▶ [Problem requirements] The response should consist of every line below, restated exactly, with no pictures.

▶ [Information provided]
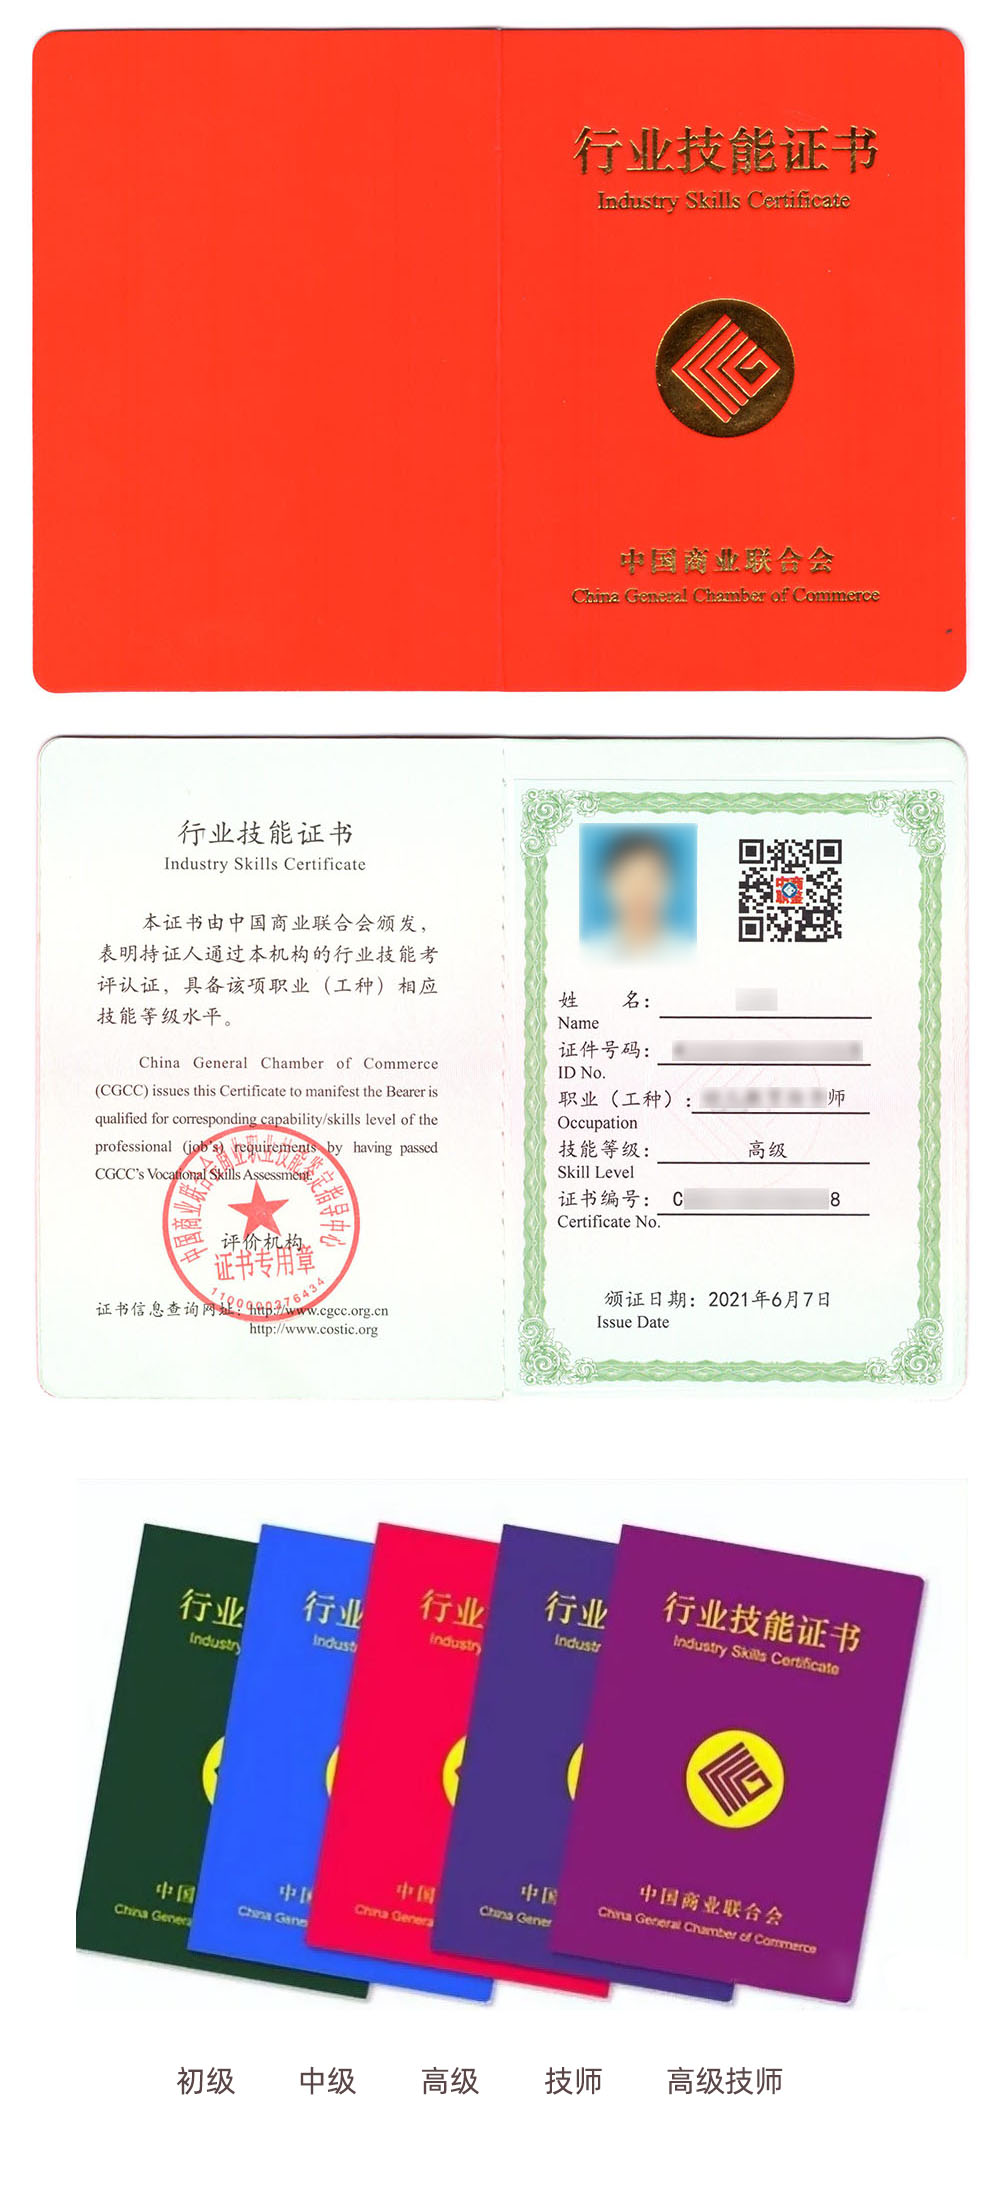 中国商业联合会商业职业技能鉴定中心 行业技能证书 社群指导师证证书样本
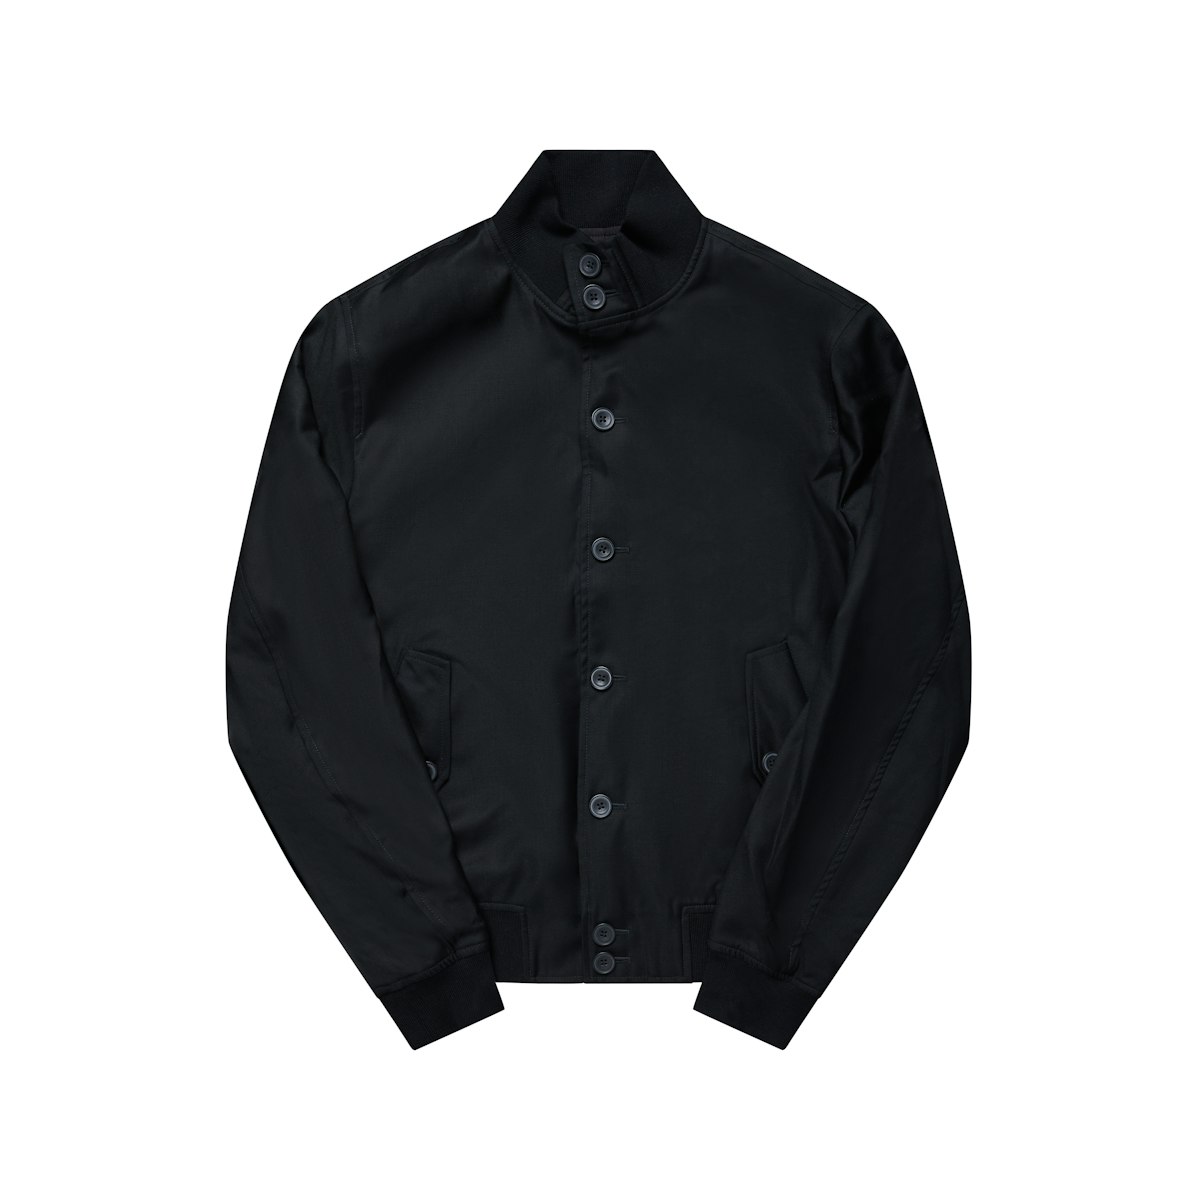 The Regent Black Harrington Wool Jacket
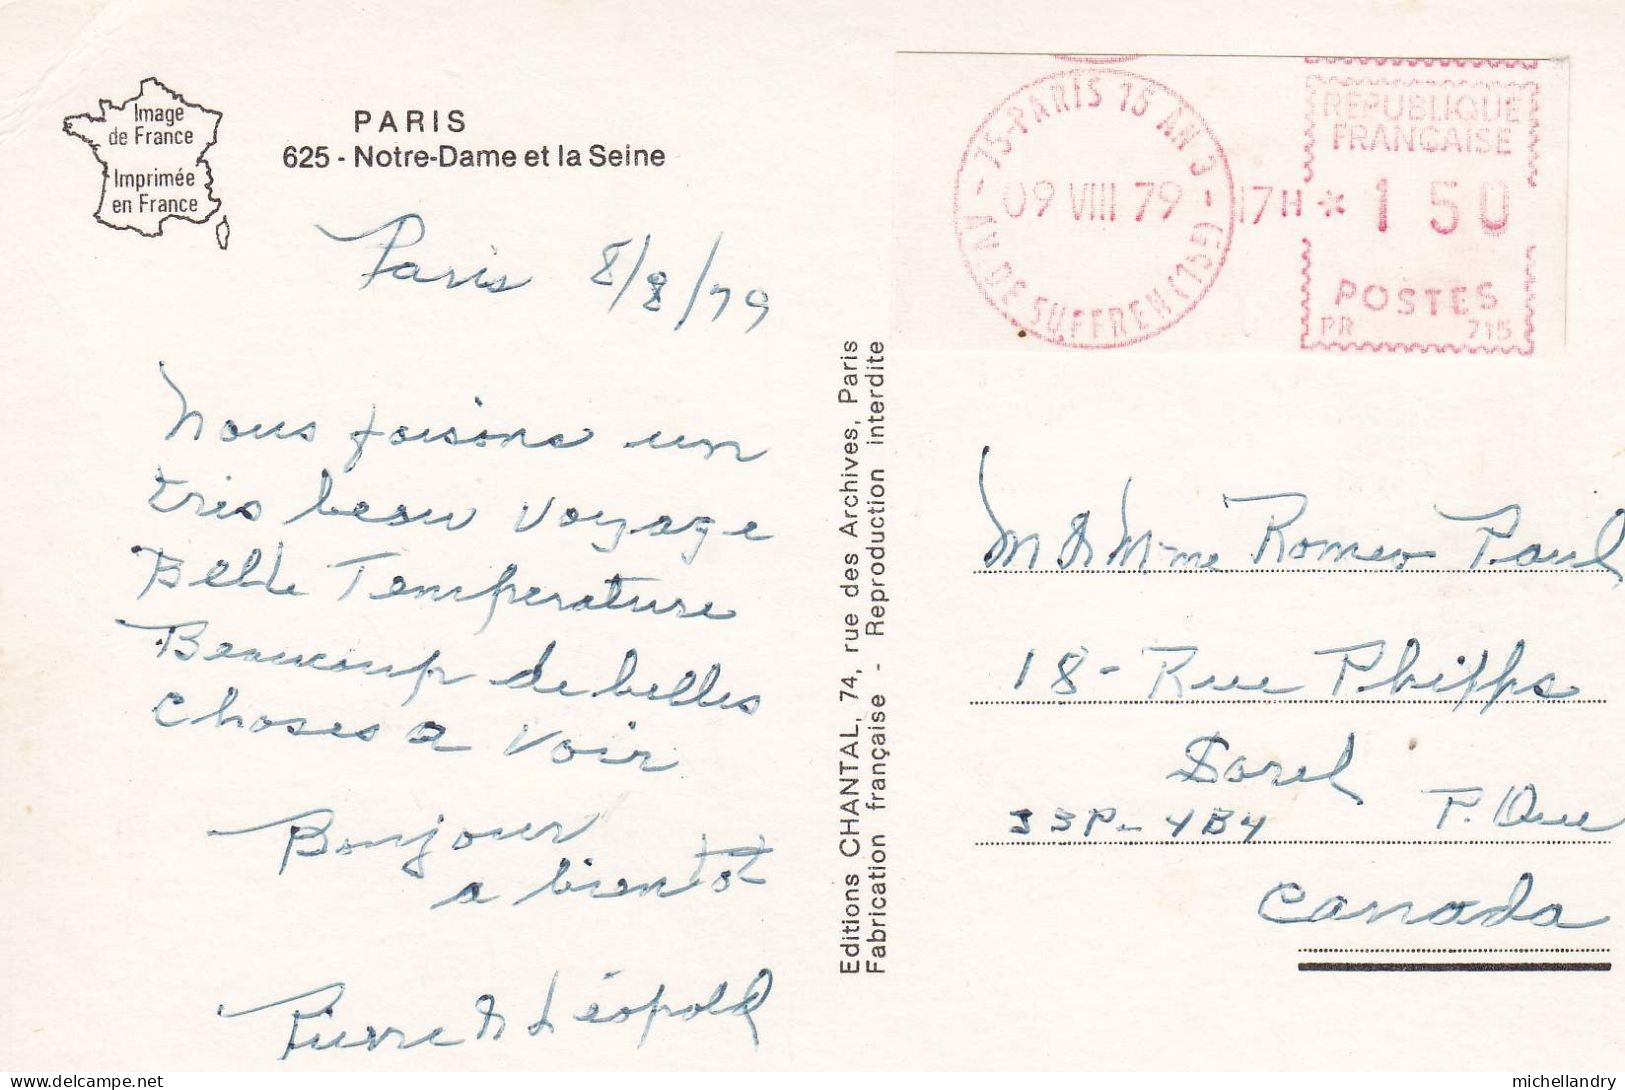 Carte Postal (123235) Paris Notre-Dame Et La Seine 09 VIII 79 Timbre 1,50RF Avec écriture - Notre Dame De Paris
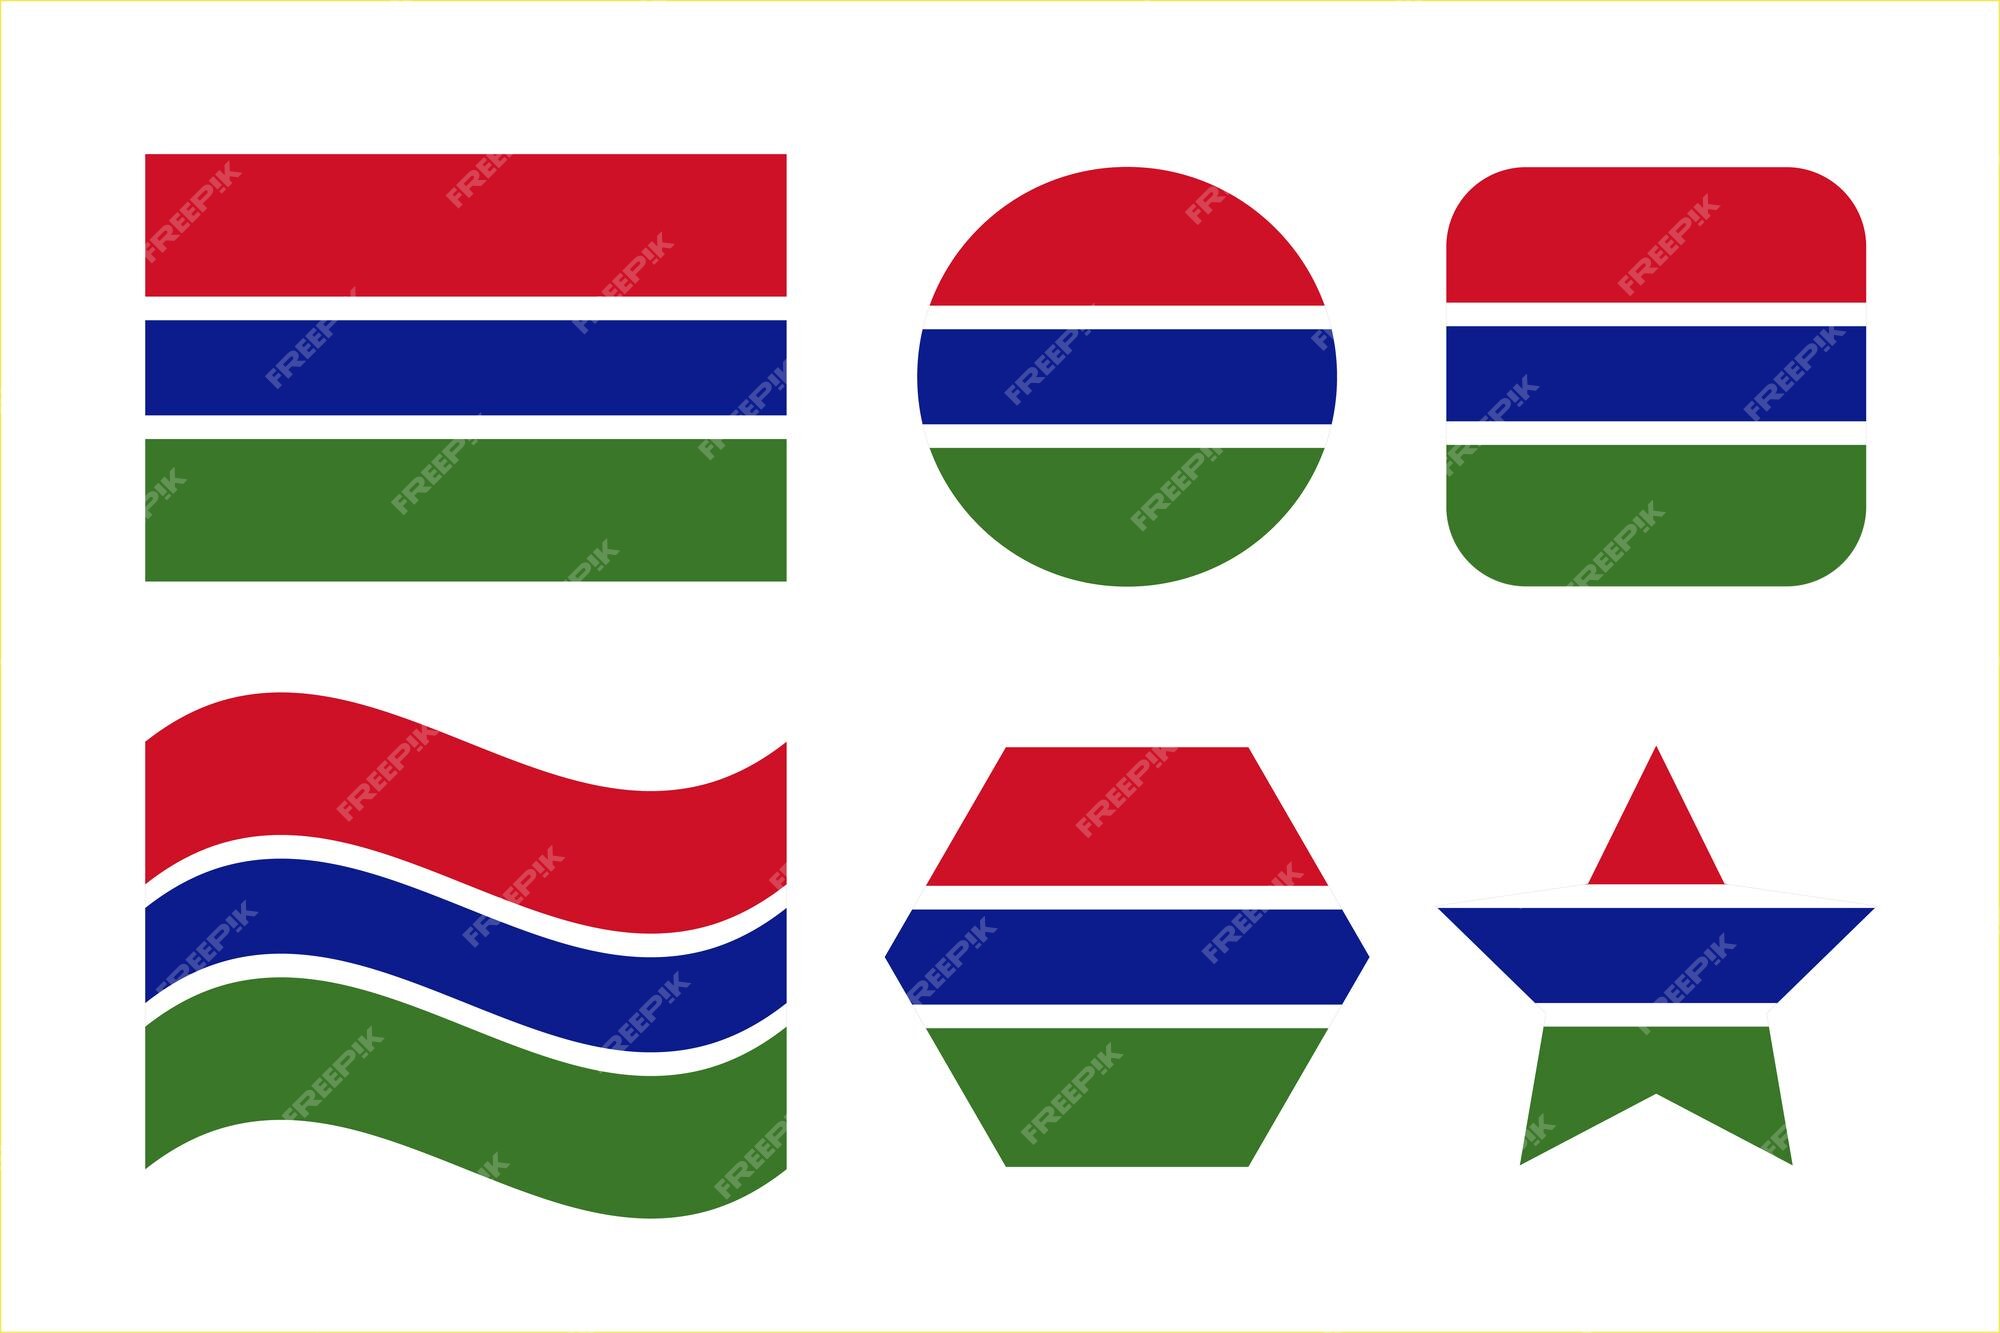 무료로 다운로드 가능한 잠비아 국기 벡터 & 일러스트 | Freepik

▶ [Your response]
 中国商业联合会商业职业技能鉴定中心 行业技能证书 社群指导师证证书样本
 The Regent Black Harrington Wool Jacket
 Carte Postal (123235) Paris Notre-Dame Et La Seine 09 VIII 79 Timbre 1,50RF Avec écriture - Notre Dame De Paris
 무료로 다운로드 가능한 잠비아 국기 벡터 & 일러스트 | Freepik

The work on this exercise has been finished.